Removal from B-Tree

The remove(x) operation in a BTree is, again, most easily implemented as a recursive method. Although the recursive implementation of remove(x) spreads the complexity across several methods.

Visual demonstration of the remove() operation

The overall process, which is illustrated in below illustration, is fairly straightforward.

By shuffling keys around, removal is reduced to the problem of removing a value, $x^{\prime}$, from some leaf, u. Removing $x^{\prime}$ may leave u with less than $B − 1$ keys; this situation is called an underflow.

When an underflow occurs, u either borrows keys from, or is merged with, one of its siblings. If u is merged with a sibling, then u’s parent will now have one less child and one less key, which can cause u’s parent to underflow; this is again corrected by borrowing or merging, but merging may cause u’s grandparent to underflow. This process works its way back up to the root until there is no more underflow or until the root has its last two children merged into a single child. When the latter case occurs, the root is removed and its lone child becomes the new root.

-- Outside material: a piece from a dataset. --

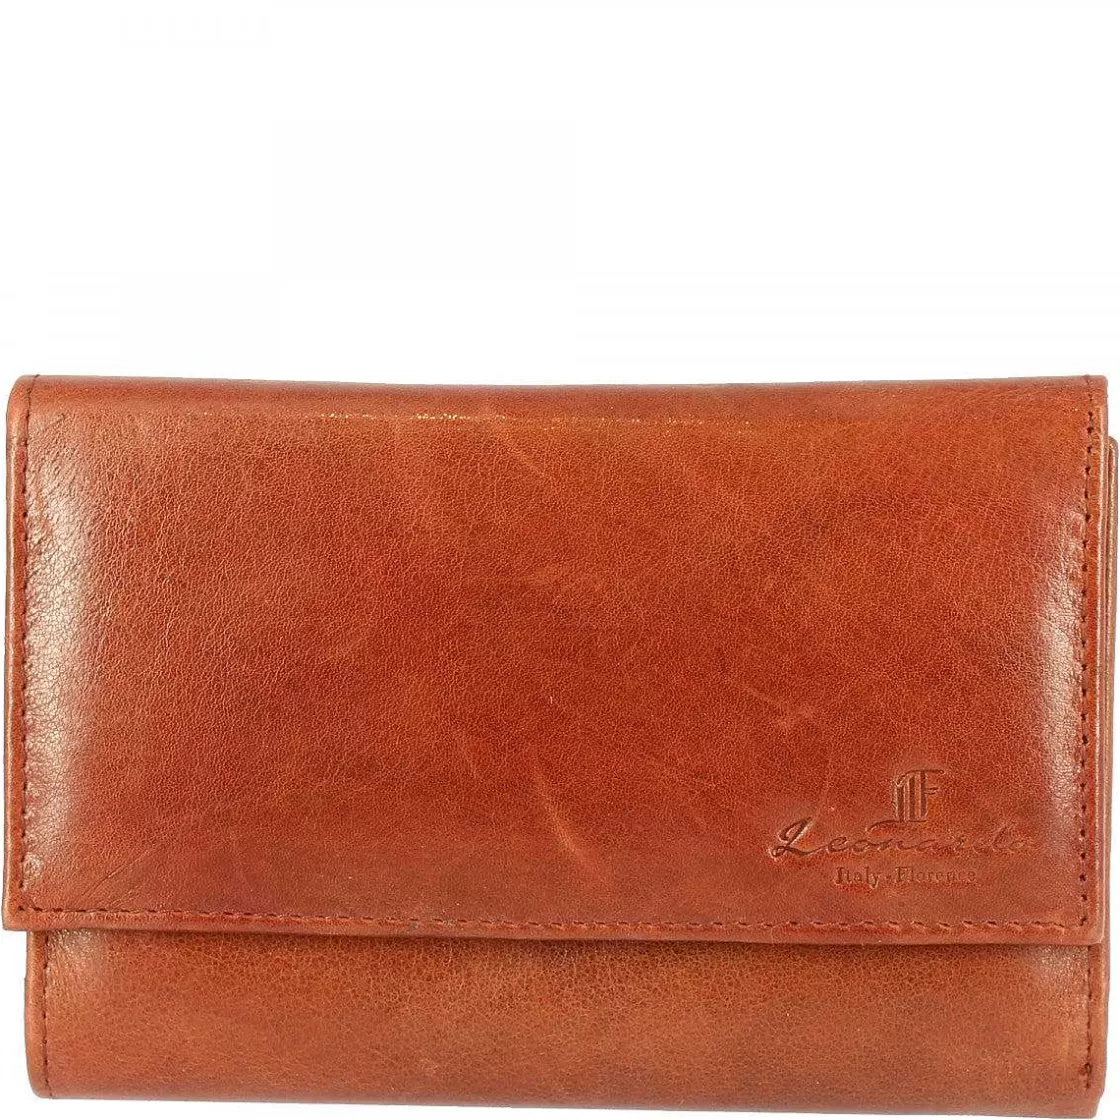 Leonardo Sauvage Women'S Wallet In Red Calfskin For Cards And Banknotes With Button Closure Clearance

Next we delve into the details of how each of these steps is implemented. The first job of the remove(x) method is to find the element x that should be removed. If x is found in a leaf, then x is removed from this leaf. Otherwise, if x is found at u.keys[i] for some internal node, u, then the algorithm removes the smallest value, $x^{\prime}$, in the subtree rooted at u.children[i + 1]. The value $x^{\prime}$ ...